Украл, не догнали, и поселились они где-то в горах: ну, вот что было на них да что она успела из дома на первый случай прихватить — это вот и все их богатство.
Стали их наши казачки выслеживать, выследили, да как рассказали потом, в каких они там условиях в какой-то сырой пещере… Прабабушка расплакалась, упала дедушке… ну, прадедушке… в ноги. Ты как хочешь, а я пойду — сердце не каменное. Ну, для начала он, как водится, за нагайку, а потом… Может, ночная кукушка дневную перекуковала, может, еще что — уговорила она его, собрались идти вместе. Нагрузились! Чего только не взяли с собой — и одежонку, и одеяла с подушками… в общем, что могли унести на себе — к самой пещере конем было не пройти — все взяли!
Вот пробираются они, стараются тихо, мало ли, вдруг дед ей знак делает: замри, мол! тихо! Кто-то есть!
Замерли, видят вдруг, это тот самый черкес, отец ее… а они уже перед самой пещерой, и он кинжал достает. Ясное дело — прирезать хочет. Дед бабке приказывает знаками: жди тут! Сам — за черкесом. Сзади обошел, тоже вытащил кинжал, и только собрался на своего свата прыгнуть, как тут вдруг женский плач, вой, причитания… ну, все что женщины могут.

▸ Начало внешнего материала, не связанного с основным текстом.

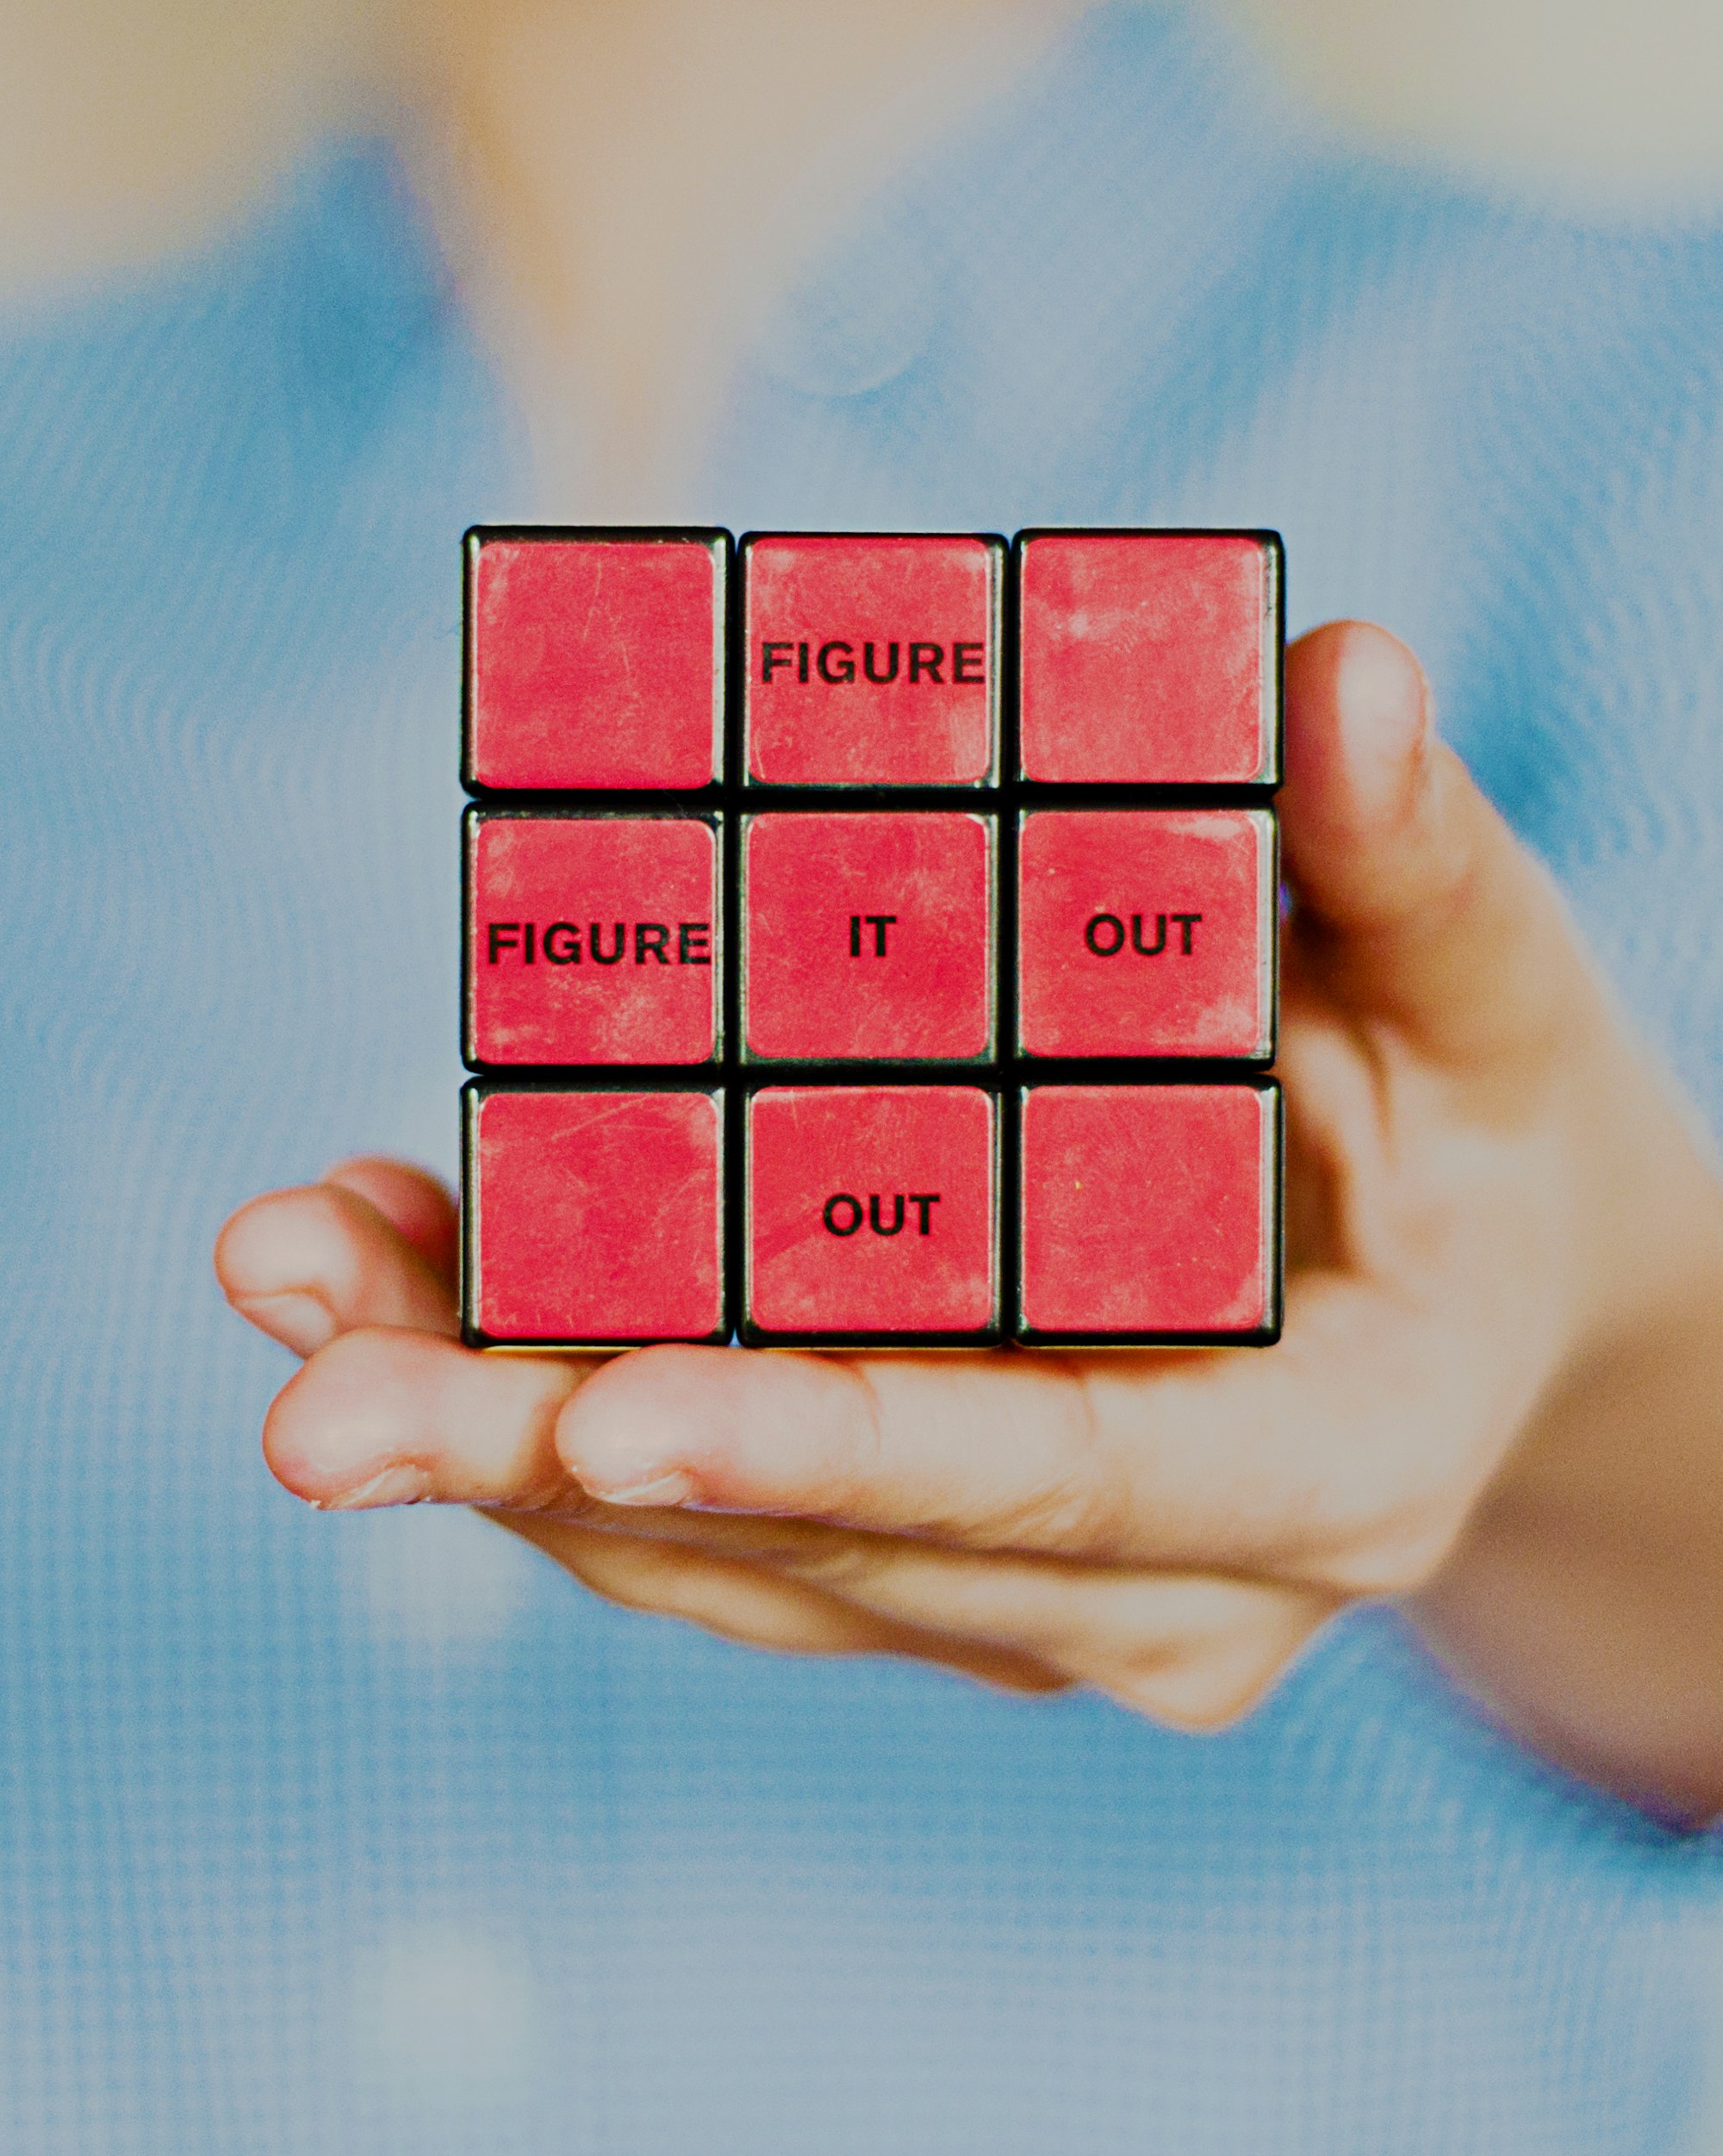 Person holding a solved rubik's cube with the words "figure it out".

И бабка вдруг кричит: да подожди, Ваня, не режь его — и сватья тут! Подбегают к ним оба „свата“, значит, еще с кинжалами, смотрят, а эти две — „сватьи“, „сватьи“-то — висят друг на дружке, обнимаются, плачут… Оказывается, он впереди с кинжалом шел: шорох услышал. Думал, казаки к молодым „подкрадаются“ зарезать их — решил защищать… Ну, а глянули теперь — в мешках у них и соленая баранина, и круги сушеного сыра, и вообще чего только нет — на зиму бы, говорит, молодым хватило…
Но зимовать им в пещере уже не пришлось, да.
Сваты-то, сваты.
Сначала по аулу на конях рядом проехали. Оба при полном боевом… Медленно, говорит, ехали, ме-е-е-дленно. А когда впереди толпа собралась — и конные с винтовками, и пешие, и дед уже взялся было за шашку, черкес положил ему руку на плечи… вроде как обнял, и все расступились.
Ну, а в станице — что?
Там они пешком прошлись.
Оба — в стельку, и такого песняка, наши потом рассказывали, давали, что не только в ауле рядом — по всему Закубанью слыхать было…
Откуда только говорит, черкес слова знал? Или к этому дню специально выучил… Но — „крычал“ песни!
Такая вот, Леонтич, наша история.»
Генри Лоусон
Так хочется когда-нибудь воздать должное этому великому, а главное — верному, верному! — сыну Австралии.
Певец рабочей солидарности и народного братства… неужели все это тоже навсегда ушло в прошлое?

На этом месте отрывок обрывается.